▸ **Exercise goal**
Only the lines from the one containing "Cette image montre" to the end of the listing below should be returned, exactly as written and without pictures.

▸ **Dataset section**
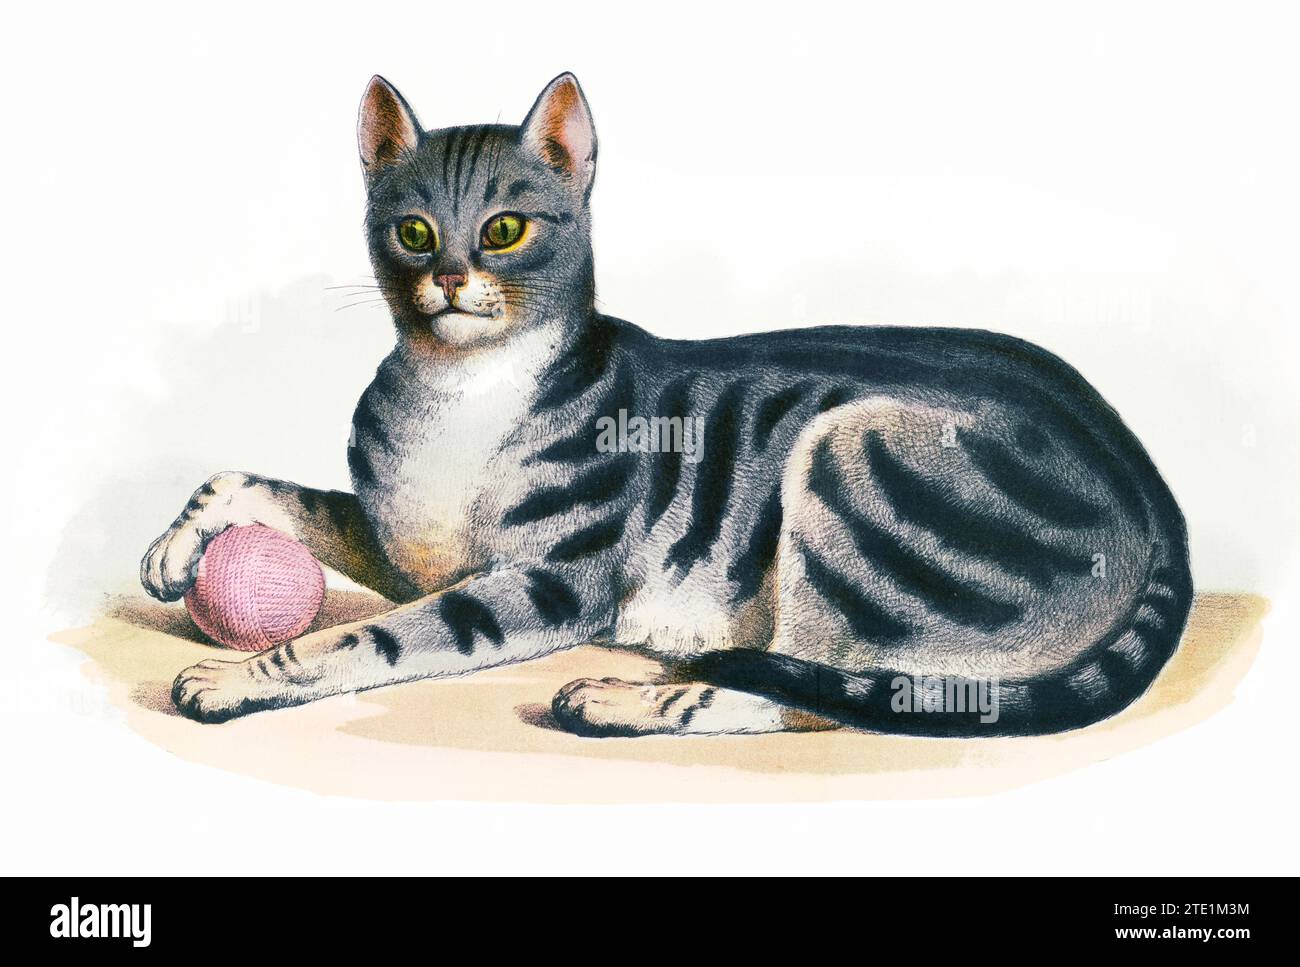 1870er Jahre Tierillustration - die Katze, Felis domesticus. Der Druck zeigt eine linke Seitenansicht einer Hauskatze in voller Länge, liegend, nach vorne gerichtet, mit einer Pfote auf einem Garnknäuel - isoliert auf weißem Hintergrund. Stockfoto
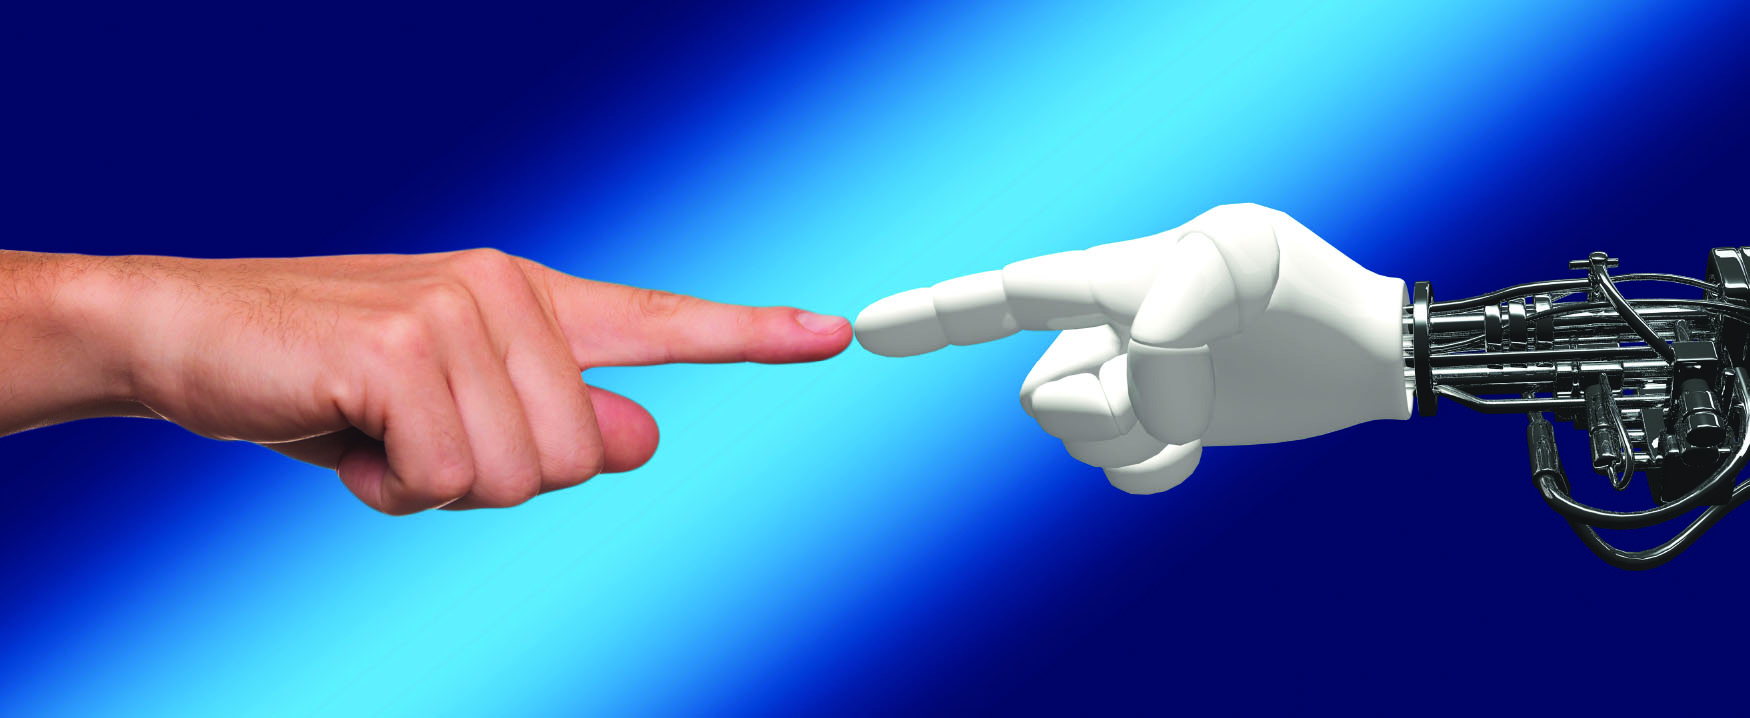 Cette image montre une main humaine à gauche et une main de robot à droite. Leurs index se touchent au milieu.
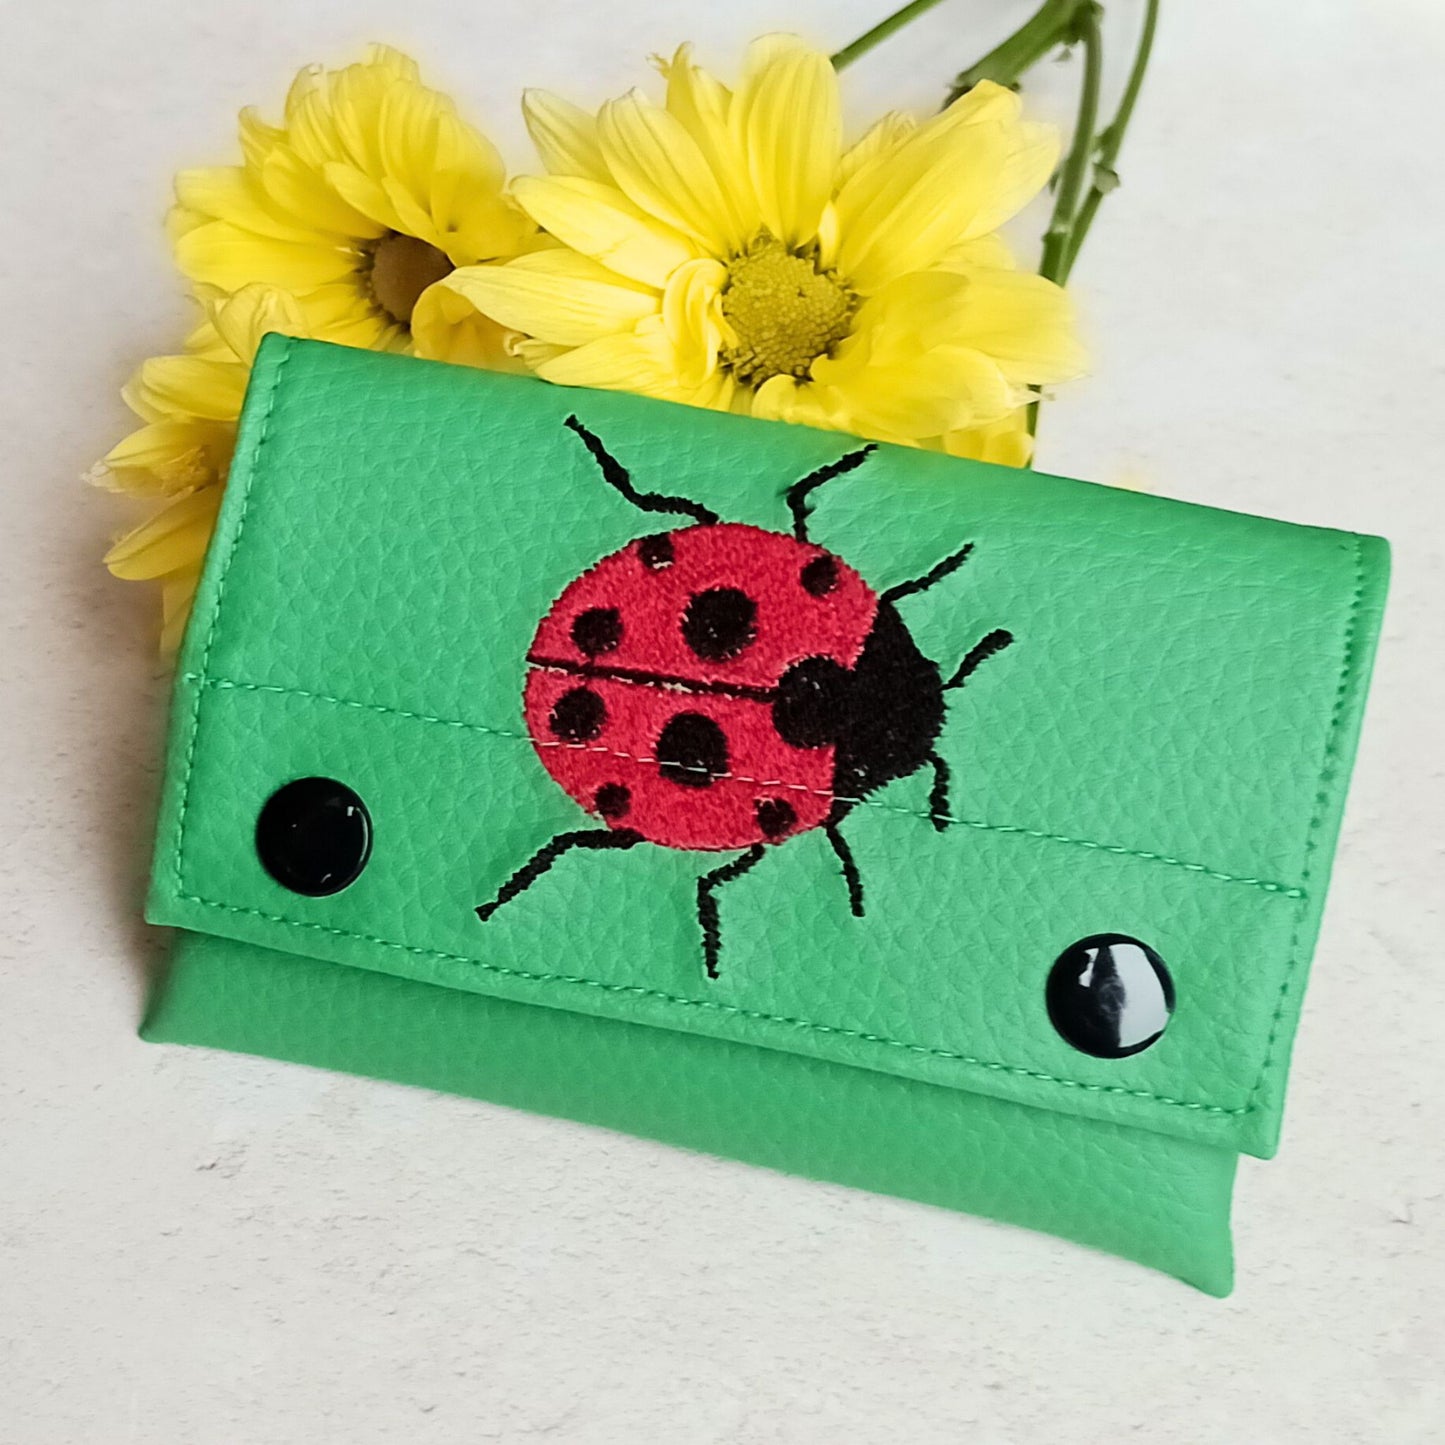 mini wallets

▸ **Task answer**
 Cette image montre une main humaine à gauche et une main de robot à droite. Leurs index se touchent au milieu.
 mini wallets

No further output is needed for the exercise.